# Phase line problem, my given solution is wrong I believe

1. Jul 13, 2012

### ericm1234

I was given the solution to this problem:
y'=-y^2+2y-1, plot phase line, solve it, in terms of y(0)=y0, what happens as t goes to infinity.
So then the phase line shows x=1 is 'semistable'. Also the solution is y= 1+ (y0-1)/(1+(y0-1)t) but now he claims this, which I believe is wrong:
if y0=1: y(t)=0 for all t>0
if y0>1, y(t) goes to 0 as t goes to infin.
if y0<1, y(t) goes to neg. infin. (also confused here because he now writes, "as t (arrow up) 1/(1-y0)" )

2. Jul 13, 2012

### tiny-tim

hi ericm1234!

it's easier to analyse if you write it as y - 1 = 1/(t - C)

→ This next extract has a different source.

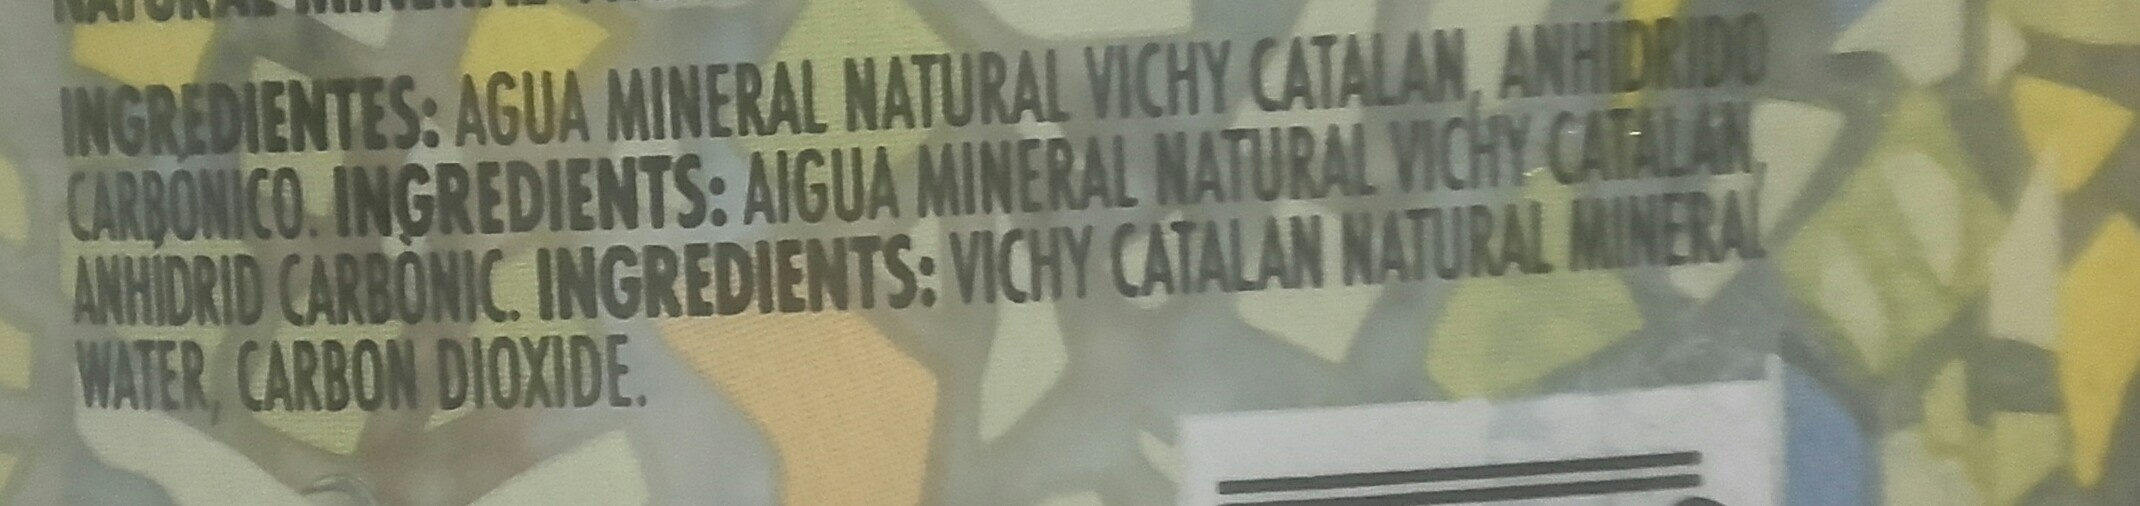 Agua mineral natural con gas - Ingredientes

(which is exactly what you get if you solve the equation directly)

3. Jul 13, 2012

### ericm1234

Agreed Tiny-Tim. But now, when t=0, c=-1/(y0-1). Ok, my issue now is with the analysis that I listed above, which I believe is wrong, as I wrote it (from the solutions to the problem given to me by the teacher)

4. Jul 14, 2012

### tiny-tim

yes, it's wrong

5. Jul 14, 2012

### HallsofIvy

Staff Emeritus
In terms of the phase line, $y'= -(y- 1)^2$ so that y= 1 is an equilibrium point. For y< 1, y- 1< 0 but it is squared so that $y'= -(y-1)^2$ is positive and y is increasing toward y= 1 NOT toward negative infinity. For y> 1, y- 1> 0 but with the squaring we still have $y'= -(y-1)^2$ positive and y increases away from y= 1 to infinity.

6. Jul 14, 2012

### ericm1234

I think you disregarded the negative sign then. y' is negative for all y, except y=1.